21 Aralık günü, güneş ışınları Oğlak Dönencesine dik geldiğinden kuzey yarım kürede en kısa gündüz ve en uzun gece yaşanır.
Bu geceden sonra günler uzamaya başlar.
22 Aralık, doğanın uzun bir sessizlik ve dinlenme sürecine gireceği, kışın ilk günü kabul edilir ve bu günü Çerkesler, "gün dönümü ve kışa giriş" törenleri ile kutlarlar.
Önce avluda veya bahçede, bol miktarda meyve veren, alıç, elma veya armut gibi bir ağacın, yedi küçük dallı bir büyük dalı süslenir.
Her dala bir mum yerleştirilir. Bir de sisli Çerkes peyniri asılır dala.
Mumlar, ailedeki en genç evli kadınlar tarafından yakılır. Evde evli kadın yoksa, o zaman en küçük kız mumları yakar.
Kutlama Thamade'nin "Xuaxo"su ile başlar.
Kutlamalar sadece evlerde değil; sokaklarda, meydanlarda da olur. Danslar edilir. Allah'a bir önceki sene verdiği nimetler için şükredilir, gelecek senenin bol verim ve refah getirmesi için dua edilir.
Güzel bir Çerkes geleneğidir. Hayatla barışık ve gelecekten umutlu olmayı sembolize eder.
Her halkın kendi kültürü ve gelenekleri vardır.

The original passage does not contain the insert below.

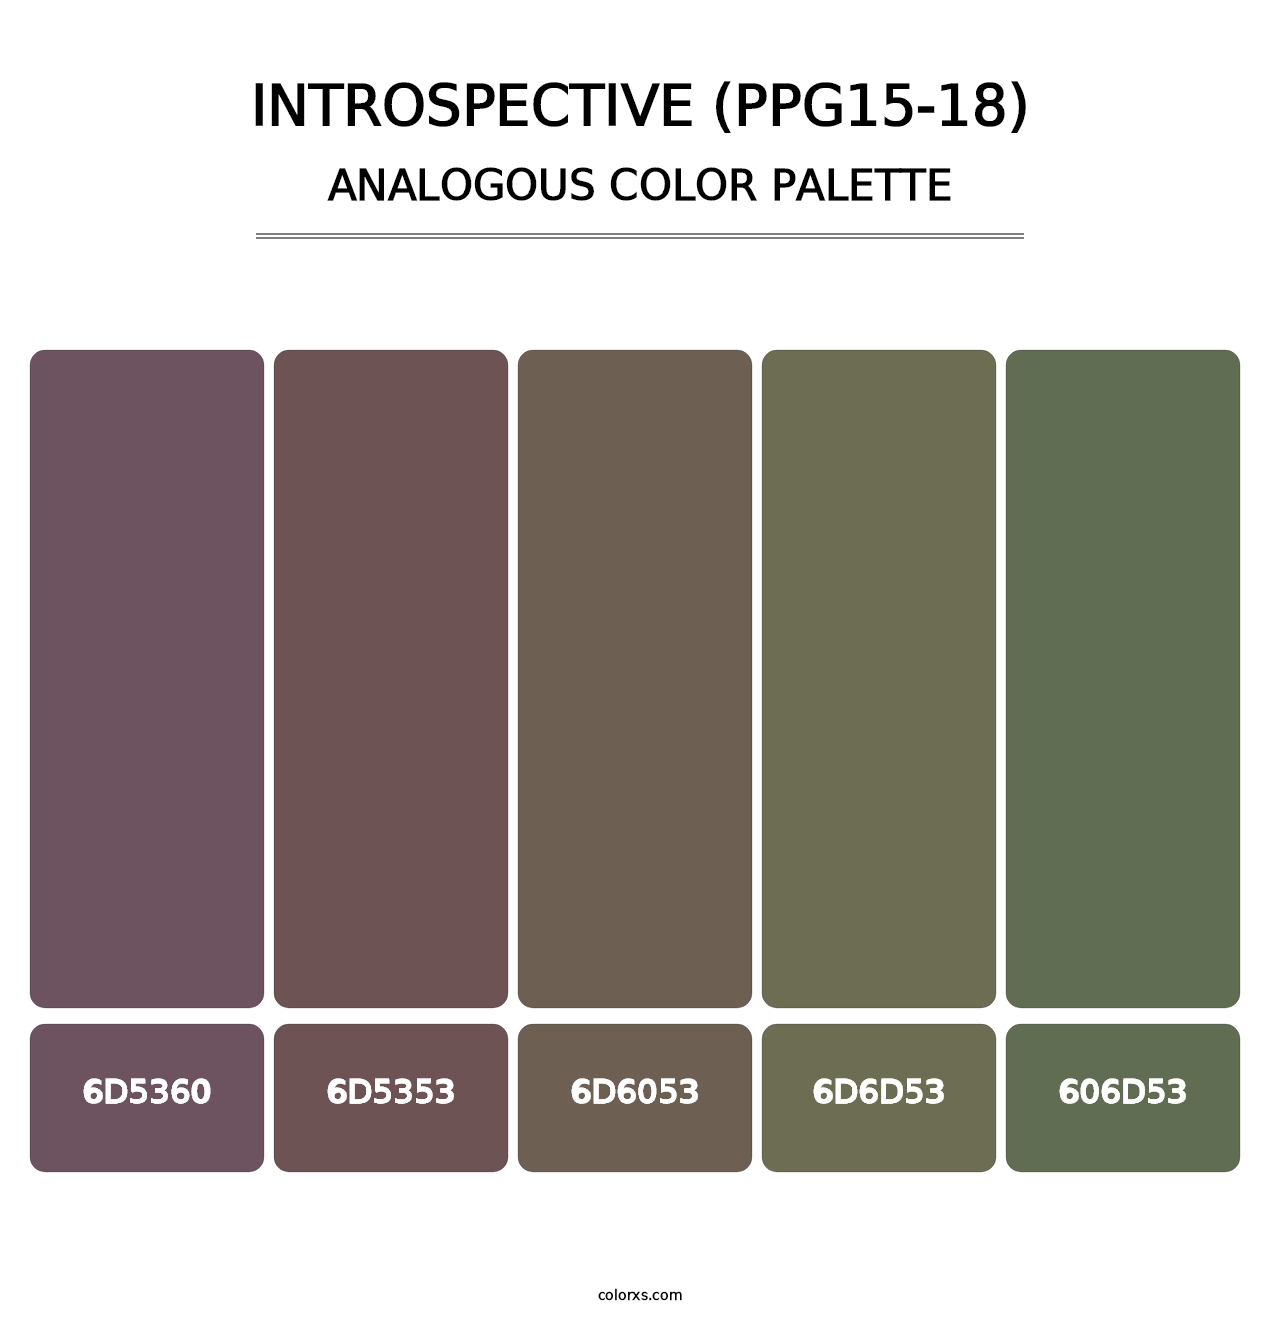 Introspective (PPG15-18) - Analogous Color Palette

Bu kültür ve gelenek görenekler o halkın farkıdır, başkalarında farkındalık yaratır.
Nasıl ki tek bir insanın kişiliğinden veya karakterinden bahsediyorsak; dil, kültür, gelenek görenekler de bir halkın kişiliği veya karakteridir. Bunlar ne kadar güçlü olursa, o halkın varlığını devam ettirme iradesi de o kadar güçlü olur.
Kimlik kadar, dil kadar önemlidir böyle gelenekler veya ritüeller.
Kendimizi geleceğe, sonsuza kadar taşıma irademiz böyle geleneklerle güçlenecektir.